* _Task material_:
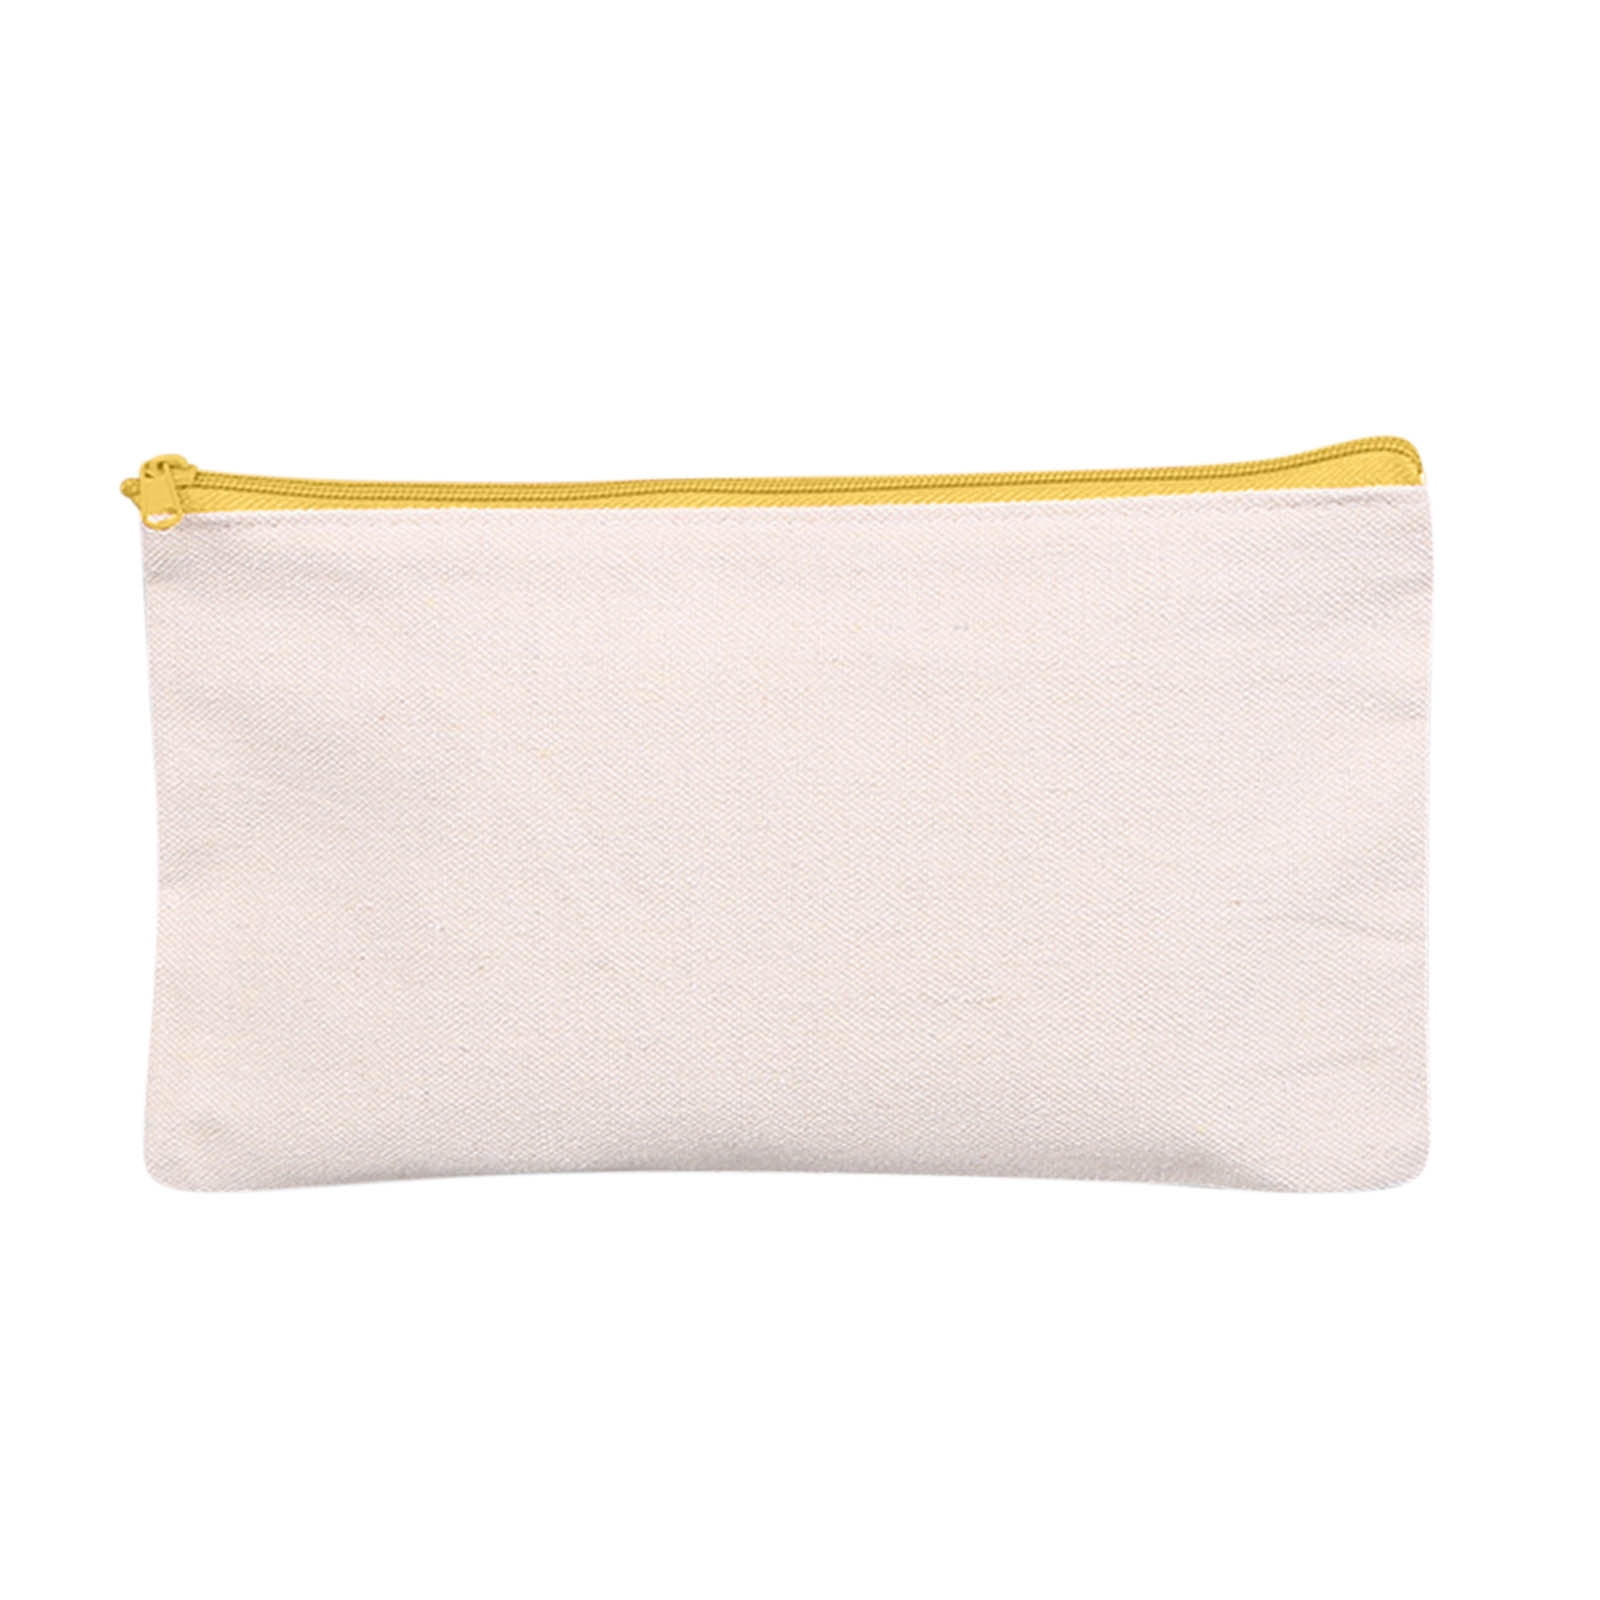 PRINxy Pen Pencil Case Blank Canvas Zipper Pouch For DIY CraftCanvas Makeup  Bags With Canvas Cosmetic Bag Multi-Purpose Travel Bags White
==
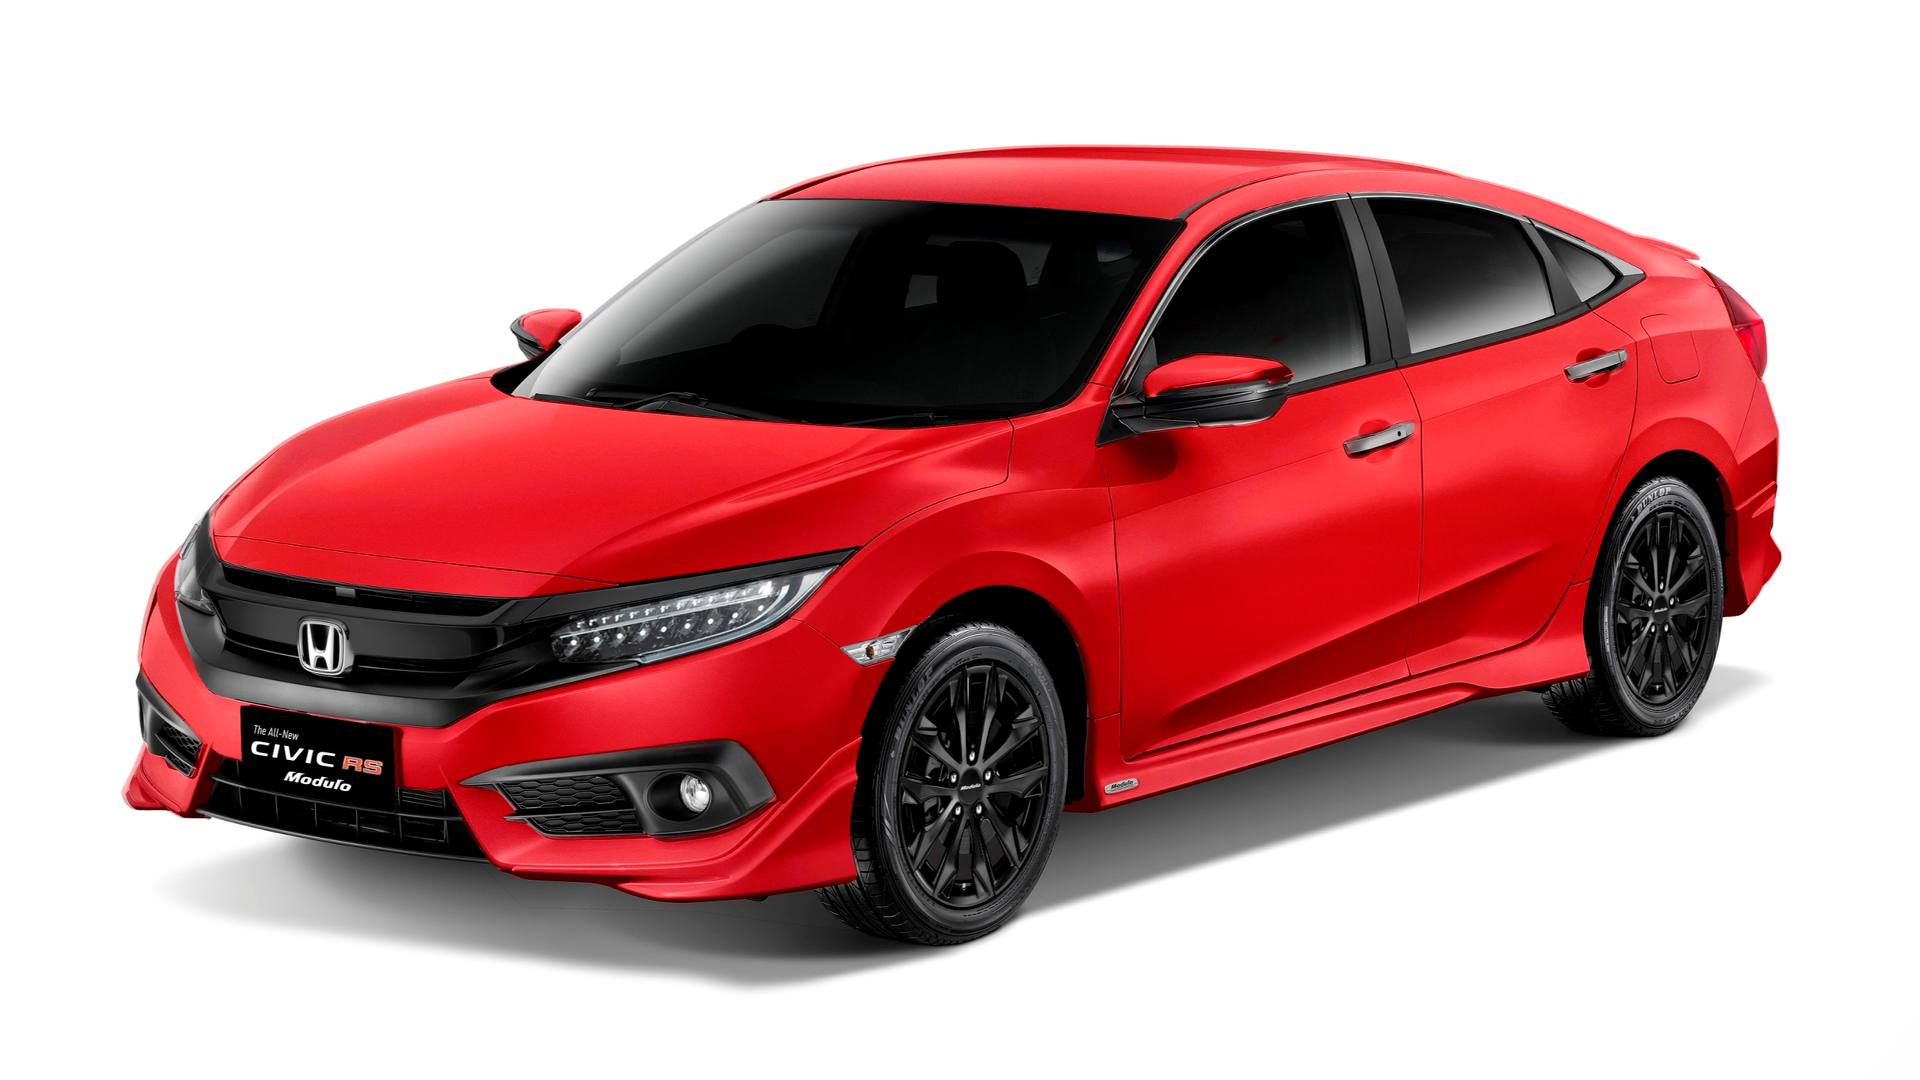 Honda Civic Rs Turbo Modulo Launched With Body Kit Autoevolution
* * *
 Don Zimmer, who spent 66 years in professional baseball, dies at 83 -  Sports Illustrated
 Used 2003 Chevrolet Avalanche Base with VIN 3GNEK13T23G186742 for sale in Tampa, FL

* _Work request_: All that is wanted is a faithful reproduction of the line above with "Don Zimmer, who", the line with "Used 2003 Chevrolet", and every line in between.

* _Output of the exercise_:
 Don Zimmer, who spent 66 years in professional baseball, dies at 83 -  Sports Illustrated
 Used 2003 Chevrolet Avalanche Base with VIN 3GNEK13T23G186742 for sale in Tampa, FL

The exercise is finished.